The ALJ noted that Dr. Montalbano, in his April 8, 2008 evaluation, found that plaintiff could perform sedentary work. (Tr. 287.) Dr. Samuels, who evaluated plaintiff on May 15, 2008, concluded that plaintiff had a mild partial disability and was capable of working with restrictions of no squatting, bending, or lifting over 40 pounds. (Id.) Finally, the ALJ noted that he gave the opinion of Dr. Caiati "fairly considerable weight" because he gave plaintiff a thorough examination and his findings were consistent with other medical evidence in the record. (Id. at 288.) Dr. Caiati, who examined plaintiff on August 7, 2008, concluded that plaintiff was unrestricted in his ability to sit, bend, reach, push and pull, and had minimal limitations on his ability to stand, walk, climb, and lift. (Id. at 287-88)
The ALJ's single mention of plaintiff's treating physician was made in passing: "The record does not contain any opinions from treating or examining physicians indicating that the claimant has limitations greater than those determined in this decision." (Tr. 288.)
Under step three, the ALJ thus determined that plaintiff did not suffer from a "per se" disabling impairment noted in Appendix 1 to 20 C.F.R. § 404. Based upon the medical evidence and evidence that plaintiff lives alone, can use public transportation and drive, maintains his activities of daily living, and takes Vicodin for pain without side effects, the ALJ found that plaintiff has the residual functional capacity to perform the full range of sedentary work with stated limitations. (Id. at 288.)
Under step four, the ALJ found that plaintiff was unable to return to his past relevant work as a plasterer helper, as it is a "heavy work." (Id.)

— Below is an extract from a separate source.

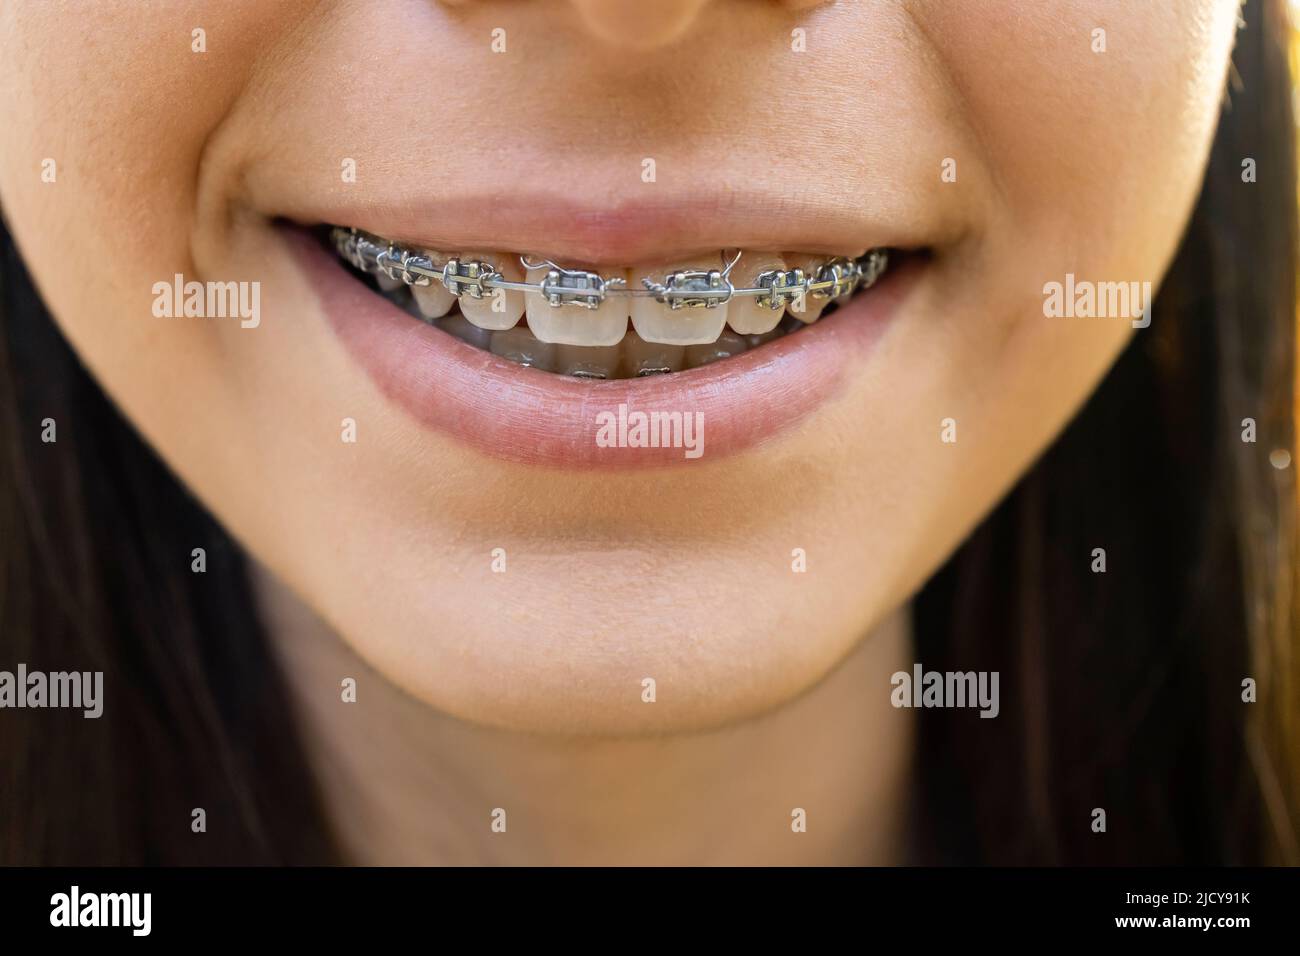 Bella ragazza sorridente che mostra fermo, bretelle per denti. Ortodonzia tema dentistico, metodi di correzione dell'aquilone dei denti, primo piano Foto Stock

Under step five, the ALJ found that plaintiff was capable of sedentary performing jobs that exist in significant numbers in the national economy, given his age, education, work experience, and residual functional capacity. (Id.) Plaintiff was 42 years old on the date of the alleged disability onset date, has a high school education, can communicate in English, and could perform sedentary work with certain limitations. (Id.) Accordingly, the ALJ concluded that in conjunction with the Medical-Vocational Guidelines, 20 C.F.R. Part 404, Subpart P, Appendix 2, plaintiff was not disabled under the meaning of the Social Security Act. (Id. at 289.)
Plaintiff requested review of the ALJ hearing decision on September 30, 2009. (Id. at 28.) The Appeals Council denied review on June 18, 2010. (Id. at 6.) Plaintiff then submitted new evidence of an MRI examination of his right knee. (Id. at 279-80.) After consideration of the new evidence, the Appeals Council again denied review on July 16, 2010, thus making the ALJ's decision the final decision of the Commissioner. (Id. at 1.)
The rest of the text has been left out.